(Beginning of Excerpted data)
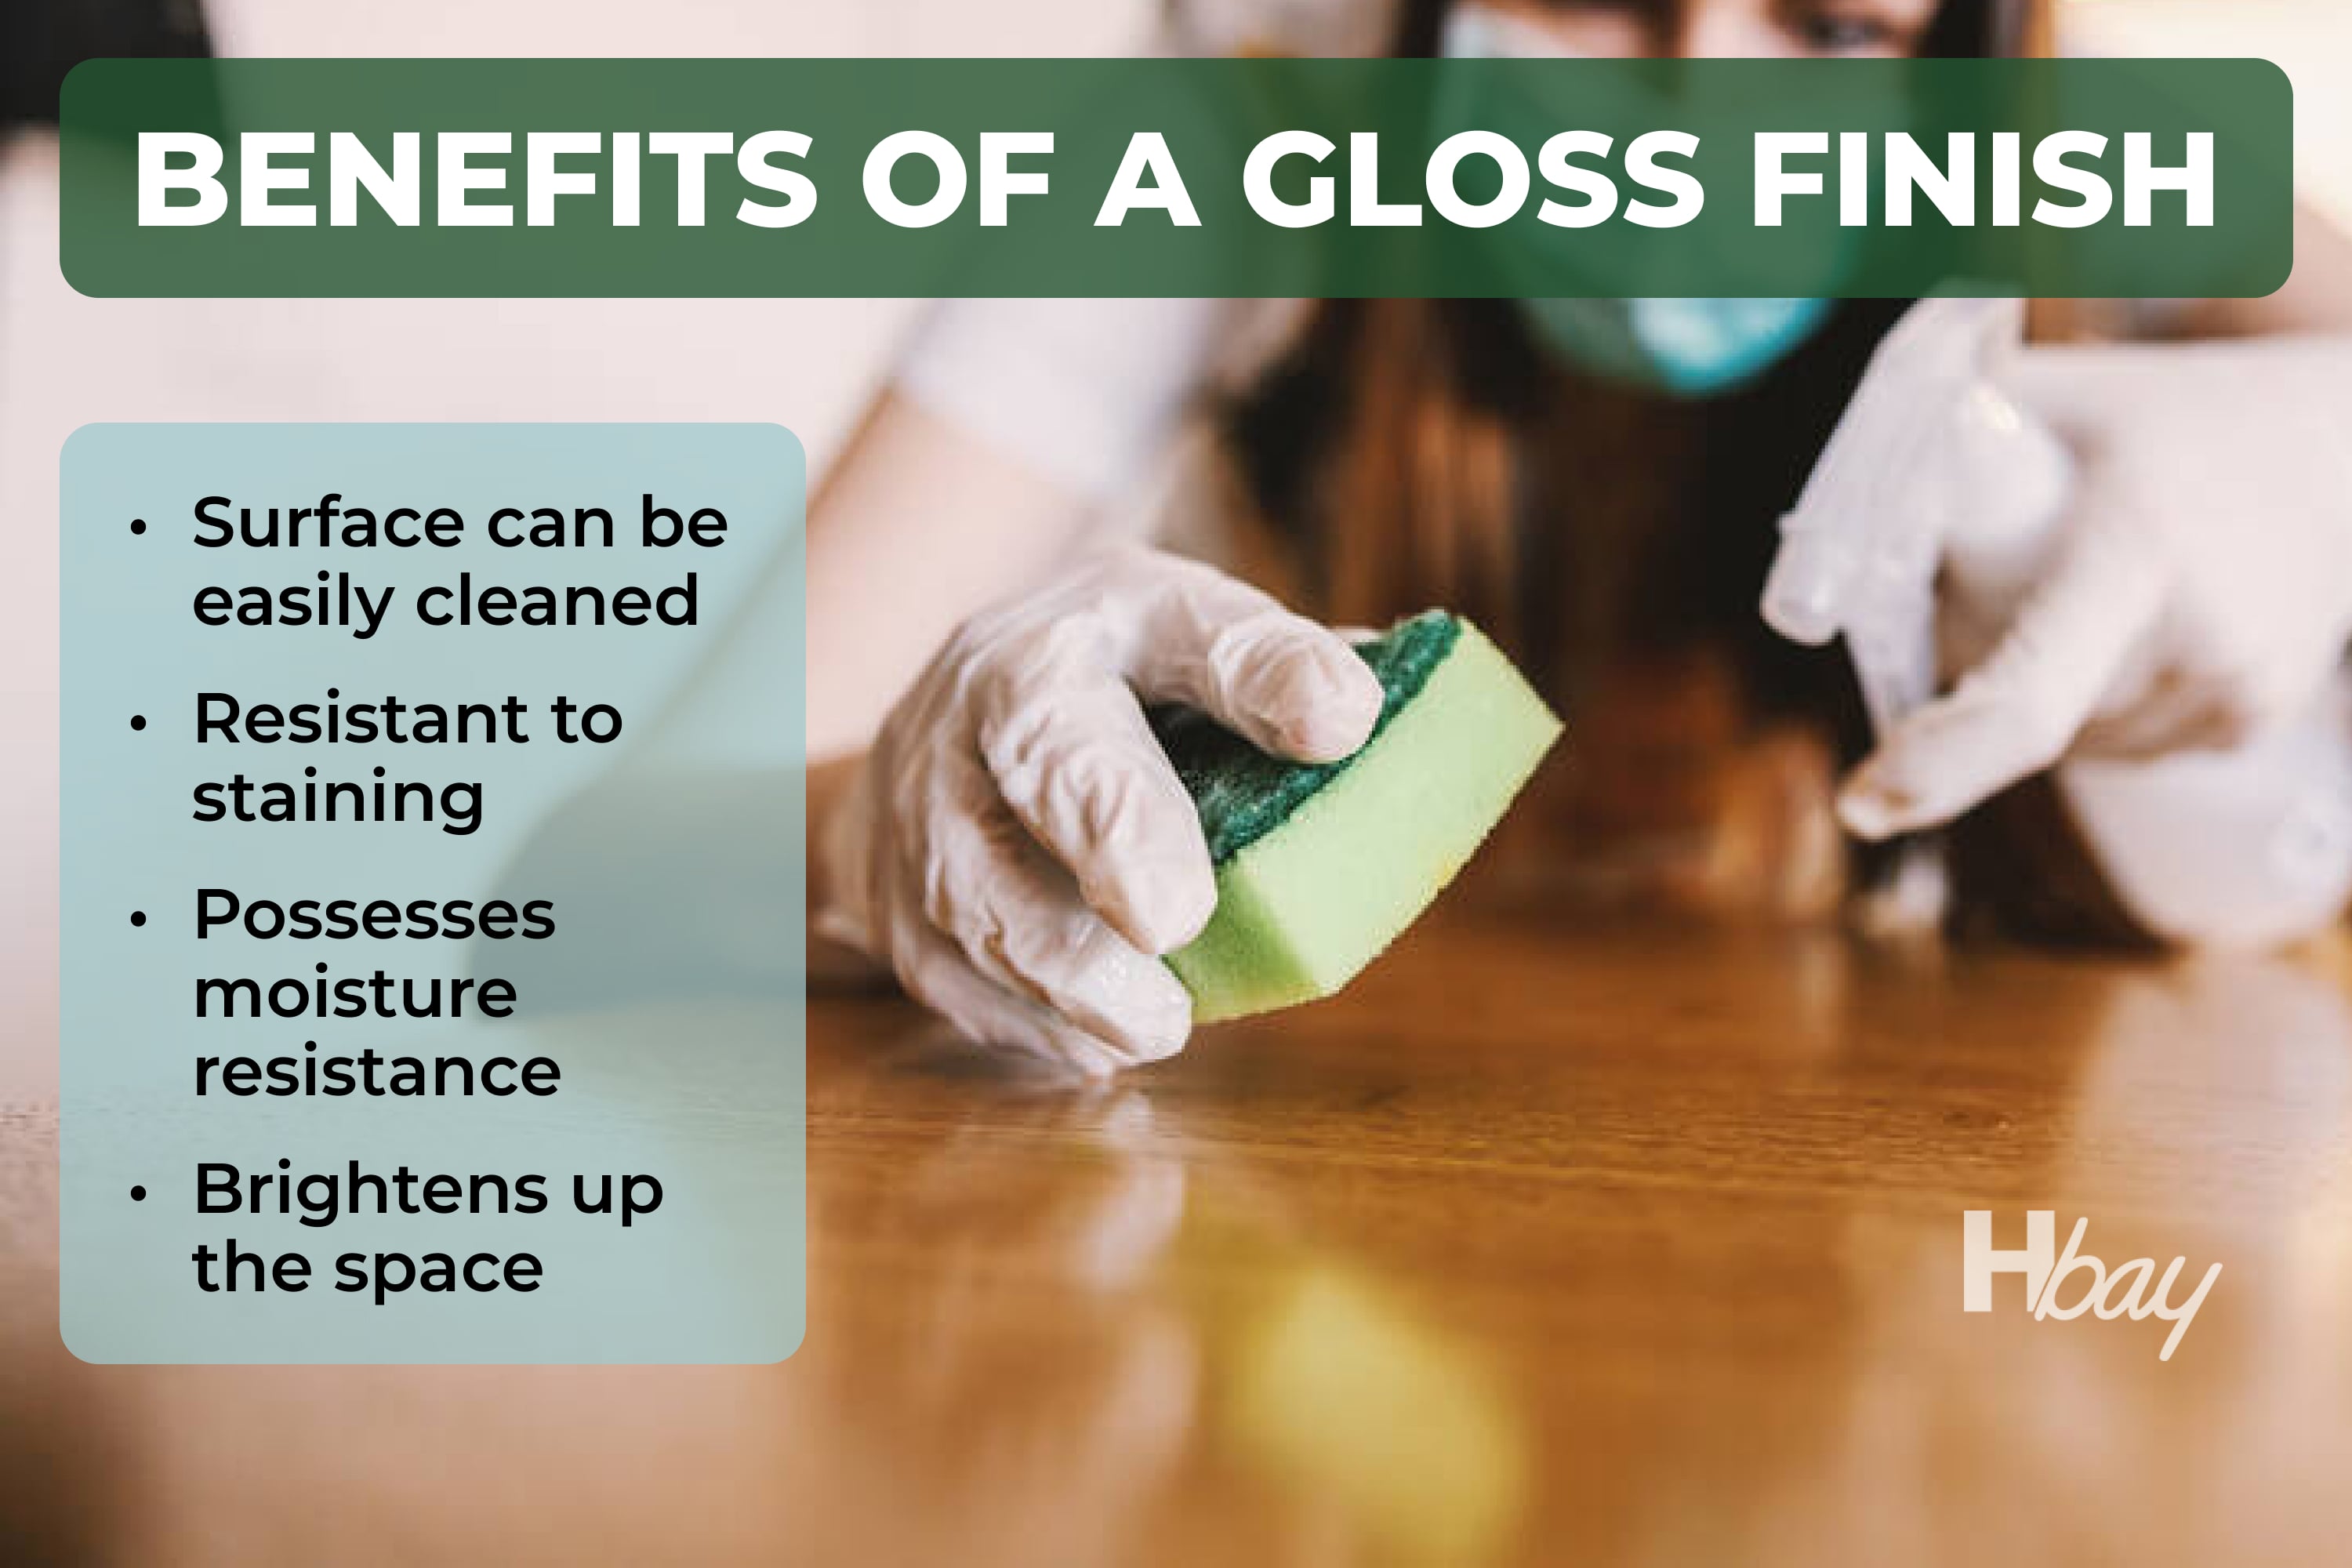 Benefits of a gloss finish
(End of Excerpted data)
(Beginning of Excerpted data)
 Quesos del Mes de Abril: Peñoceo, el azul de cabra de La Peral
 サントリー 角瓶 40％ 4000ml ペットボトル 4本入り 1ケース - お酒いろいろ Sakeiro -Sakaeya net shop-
(End of Excerpted data)
Aim of the exercise: Return exactly, and only, the lines above starting at the line that contains "Quesos del Mes" and ending at the line that contains "サントリー 角瓶 40％".

Expected answer:
 Quesos del Mes de Abril: Peñoceo, el azul de cabra de La Peral
 サントリー 角瓶 40％ 4000ml ペットボトル 4本入り 1ケース - お酒いろいろ Sakeiro -Sakaeya net shop-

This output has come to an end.